Определяет breaking changes между версиями.

# ci/detect_breaking_changes.py
import yaml
import subprocess
from enum import Enum
from pathlib import Path
from pydantic import BaseModel

class ChangeType(str, Enum):
    BREAKING = "breaking"
    NON_BREAKING = "non_breaking"
    PATCH = "patch"

class Change(BaseModel):
    """Represents a change detected in contract."""
    contract: str
    field: str
    change_type: ChangeType
    description: str

    model_config = {
        "use_enum_values": True,
    }

def get_file_at_ref(file_path: str, ref: str) -> str:
    """Get file content at specific git ref"""
    result = subprocess.run(
        ["git", "show", f"{ref}:{file_path}"],
        capture_output=True,
        text=True
    )
    return result.stdout if result.returncode == 0 else None

def detect_breaking_changes(old_contract: dict, new_contract: dict) -> list[Change]:
    """Detect breaking changes between contract versions"""
    changes = []

    old_fields = {f['name']: f for f in old_contract.get('schema', {}).get('fields', [])}
    new_fields = {f['name']: f for f in new_contract.get('schema', {}).get('fields', [])}

    # Removed fields = BREAKING
    for field_name in old_fields:
        if field_name not in new_fields:
            changes.append(Change(
                contract=old_contract['metadata']['name'],
                field=field_name,
                change_type=ChangeType.BREAKING,
                description=f"Field '{field_name}' was removed"
            ))

    # Type changes = BREAKING
    for field_name, new_field in new_fields.items():
        if field_name in old_fields:
            old_field = old_fields[field_name]
            if old_field.get('type') != new_field.get('type'):
                changes.append(Change(
                    contract=old_contract['metadata']['name'],
                    field=field_name,
                    change_type=ChangeType.BREAKING,
                    description=f"Field '{field_name}' type changed from {old_field.get('type')} to {new_field.get('type')}"
                ))

            # Required: false -> true = BREAKING
            if not old_field.get('required') and new_field.get('required'):
                changes.append(Change(
                    contract=old_contract['metadata']['name'],
                    field=field_name,
                    change_type=ChangeType.BREAKING,
                    description=f"Field '{field_name}' became required"
                ))

    # New nullable field = NON_BREAKING
    for field_name, new_field in new_fields.items():
        if field_name not in old_fields:
            if new_field.get('required', False):
                changes.append(Change(
                    contract=old_contract['metadata']['name'],
                    field=field_name,
                    change_type=ChangeType.BREAKING,
                    description=f"New required field '{field_name}' added"
                ))
            else:
                changes.append(Change(
                    contract=old_contract['metadata']['name'],
                    field=field_name,
                    change_type=ChangeType.NON_BREAKING,
                    description=f"New optional field '{field_name}' added"
                ))

    return changes

def main():
    # Parse arguments and run detection
    # Output results as JSON
    pass

Stage 3: Version

version:check

Проверяет корректность версионирования.

# ci/check_version_bump.py
import yaml
from packaging import version
from pathlib import Path

def check_version_bump(old_contract: dict, new_contract: dict, changes: list) -> tuple[bool, str]:
    """Check if version bump is correct for changes"""

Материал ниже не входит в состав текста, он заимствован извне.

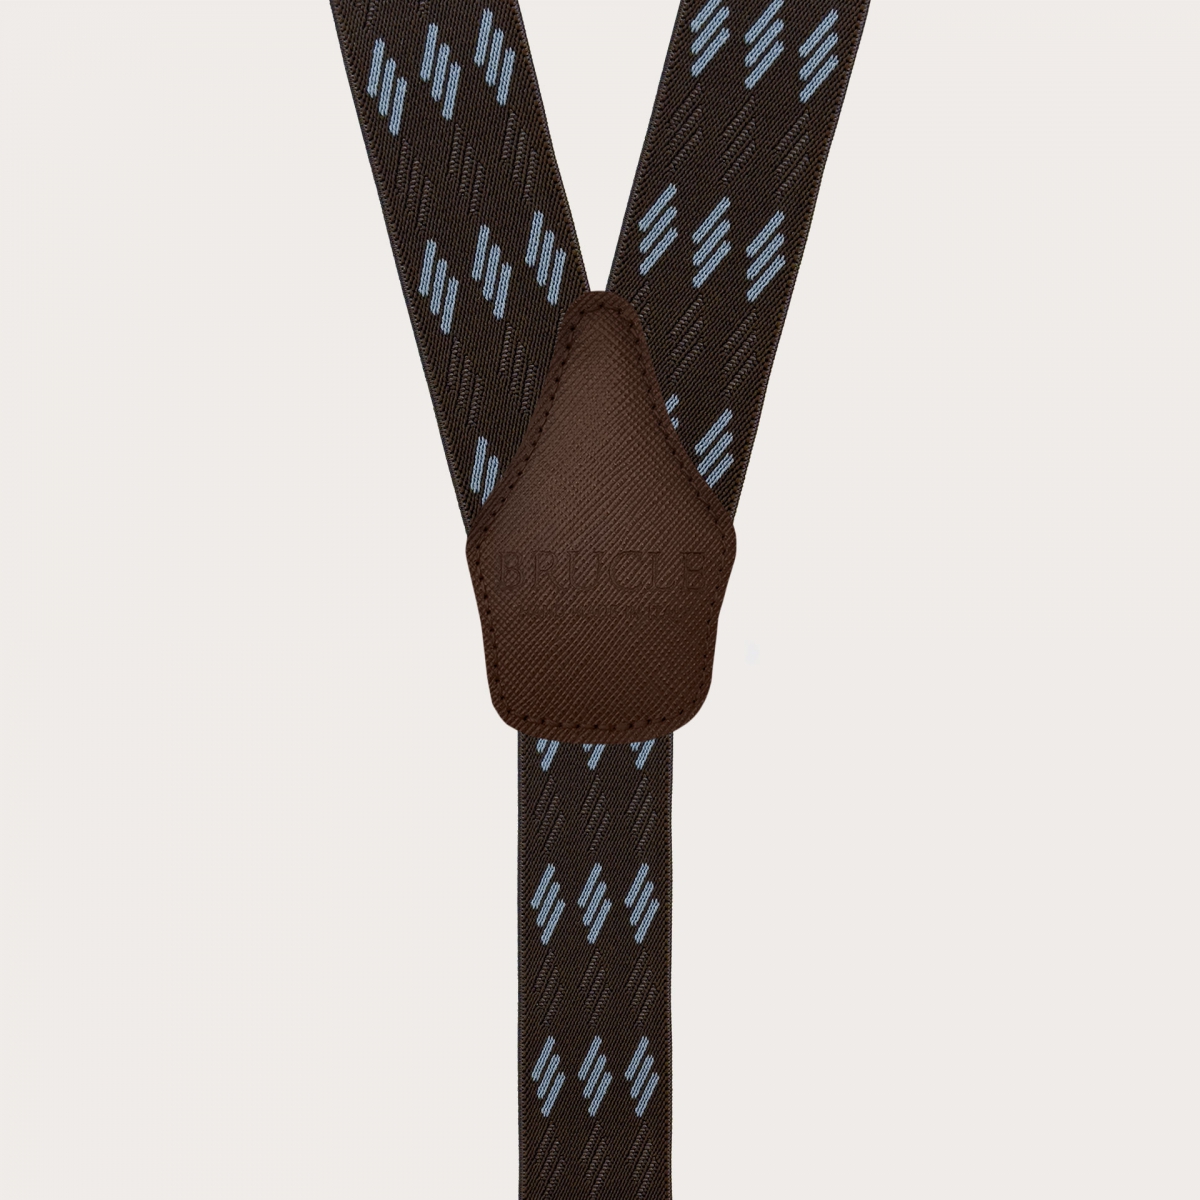 Braune elastische Hosenträger mit blauen Streifen für Knöpfe oder Clips

    old_version = version.parse(old_contract.get('contract_version', '0.0.0'))
    new_version = version.parse(new_contract.get('contract_version', '0.0.0'))

    has_breaking = any(c.change_type == ChangeType.BREAKING for c in changes)
    has_non_breaking = any(c.change_type == ChangeType.NON_BREAKING for c in changes)

    if has_breaking:
        # Must bump MAJOR
        if new_version.major <= old_version.major:
            return False, f"Breaking changes require MAJOR version bump: {old_version} -> {new_version.major + 1}.0.0"
    elif has_non_breaking:
        # Must bump at least MINOR
        if new_version.minor <= old_version.minor and new_version.major == old_version.major:
            return False, f"Non-breaking changes require MINOR version bump: {old_version} -> {old_version.major}.{old_version.minor + 1}.0"
    else:
        # PATCH for description changes
        if new_version <= old_version:
            return False, f"Changes require at least PATCH version bump"

    return True, f"Version bump OK: {old_version} -> {new_version}"

Stage 4: Deploy

deploy:schema-registry

Публикует схемы в Schema Registry.

# ci/deploy_to_registry.py
import requests
import yaml
import json
from pathlib import Path

SCHEMA_REGISTRY_URL = os.environ.get('SCHEMA_REGISTRY_URL', 'http://localhost:8081')

def contract_to_avro_schema(contract: dict) -> dict:
    """Convert contract schema to Avro schema"""
    fields = []
    for field in contract['schema']['fields']:
        avro_field = {
            "name": field['name'],
            "type": map_type_to_avro(field['type'], field.get('required', True))
        }
        if field.get('default') is not None:
            avro_field['default'] = field['default']
        fields.append(avro_field)

    return {
        "type": "record",
        "name": contract['metadata']['name'],
        "namespace": contract['metadata']['namespace'],
        "fields": fields
    }

def deploy_schema(contract_path: Path):
    """Deploy contract schema to Schema Registry"""
    with open(contract_path) as f:
        contract = yaml.safe_load(f)

    avro_schema = contract_to_avro_schema(contract)
    subject = f"{contract['metadata']['namespace']}.{contract['metadata']['name']}-value"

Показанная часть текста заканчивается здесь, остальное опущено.